I heard about some possible new slogans for different groups. Some are pretty funny. Well, they are to me.
Procrastinators - Tomorrow is a dream, that's when we will do it..
PGA Golf - You have 18 holes to get it right.
U.S. Congress - Thanks for making us rich.
Nebraska - Corn rows, not just a hair style.
Oklahoma - If your white clothes are red now, You are here.
MADD - we all know this group, there is a new group started called DAMM - Drunks against Mad Mothers
Red River Shoot Out - Texas/OU game. When Texans play Texans
Grave Diggers - We are 6 foot deep in our business.
Lonely Hearts Club - Sometimes too much to drink is not enough.
Hospitals - We bury our mistakes.
Masons - We can't tell you, it is a secret.
Old West Sheriffs - Our clients just hang around.
How about religions
Baptist - We take the Bible and slap the hell out of you.
Pentecostal - We do more than just roll in the aisles.
Catholic - Do you feel guilty?
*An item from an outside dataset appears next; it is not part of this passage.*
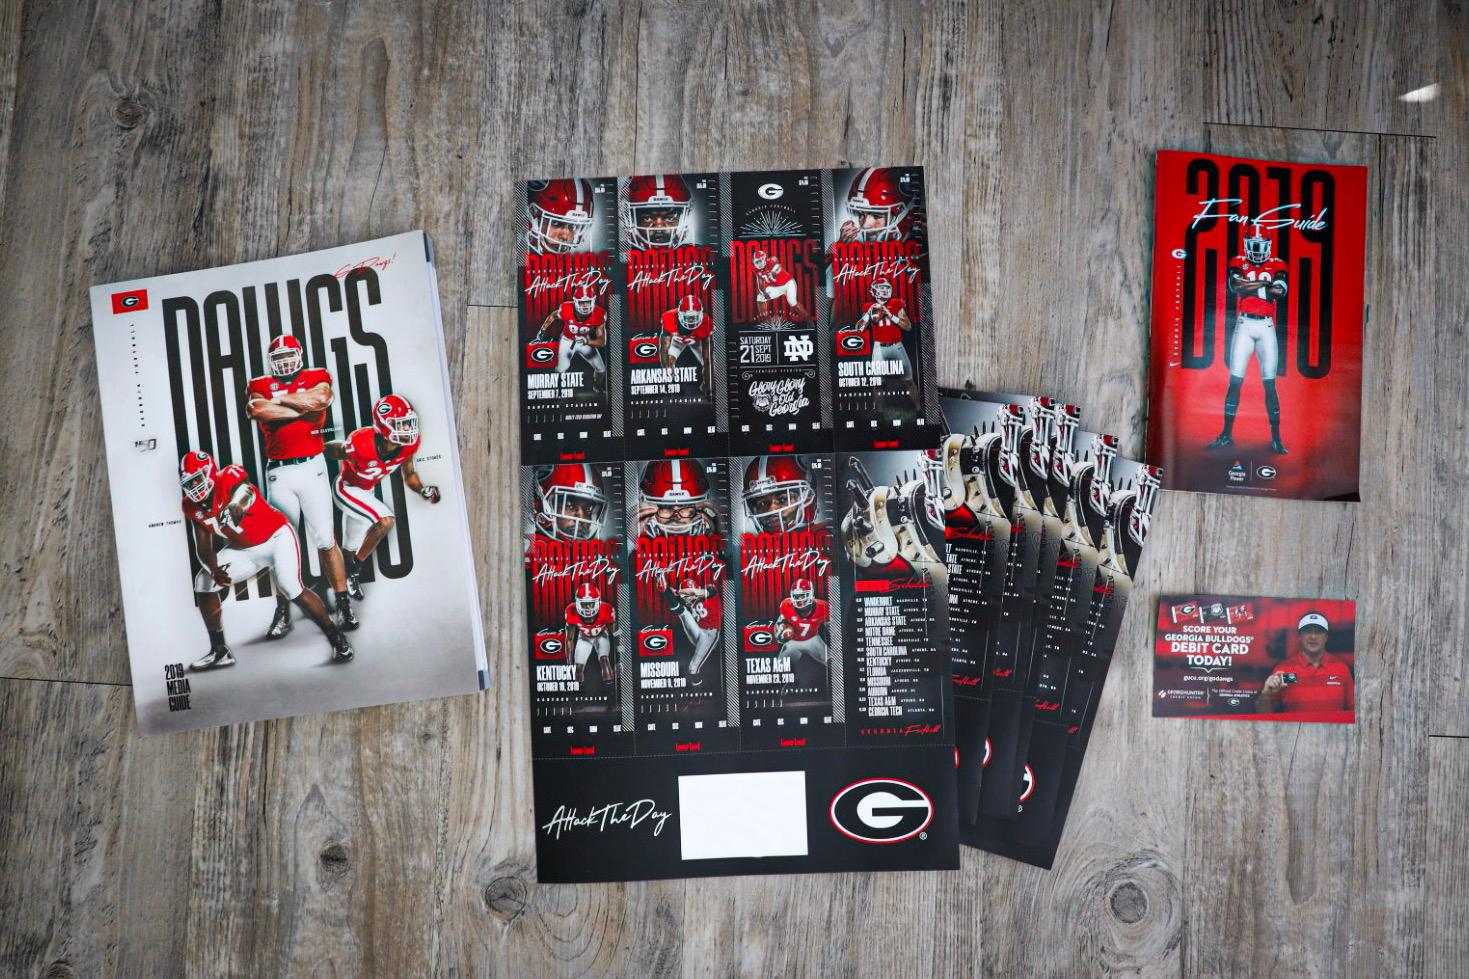 The 2019 Georgia Bulldogs Season Tickets | #AttackTheDay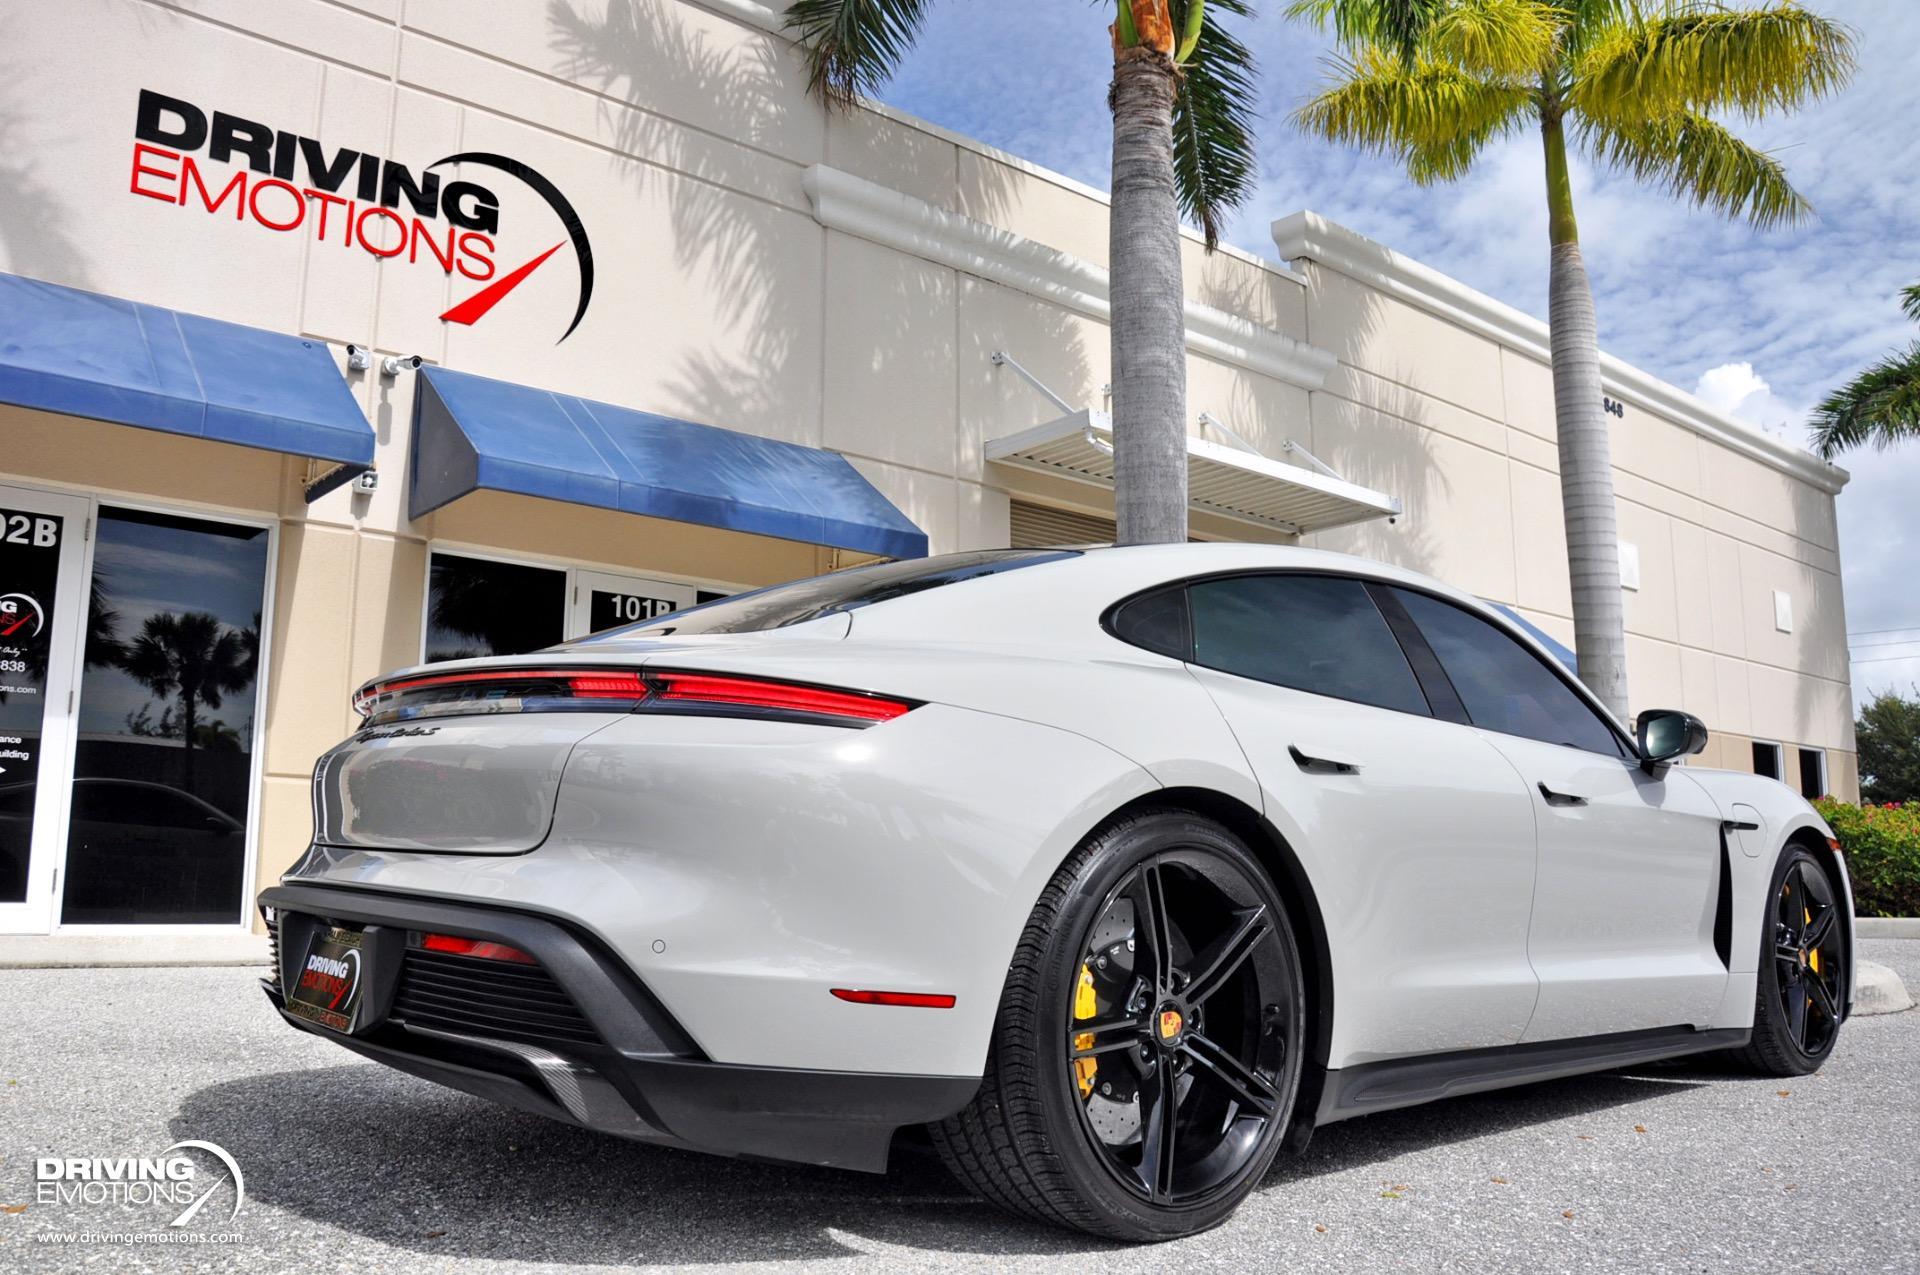 Used 2021 Porsche Taycan Turbo S Turbo S Chalk/Black! Premium Pkg! Passenger Display! | Lake Park, FL

How about now?
Spiritualists - We will haunt you.
Morman - Our Bible is better than yours.
Muslim - Allah is love. Convert or we will kill you.
Tele-Evangelists - Send your money and gifts to God. Here, use my address.
Church of Christ - We are the only religion that is right. Sorry about your bad luck.
Then of course there is the I.R.S. - Trust us. We are here to help you.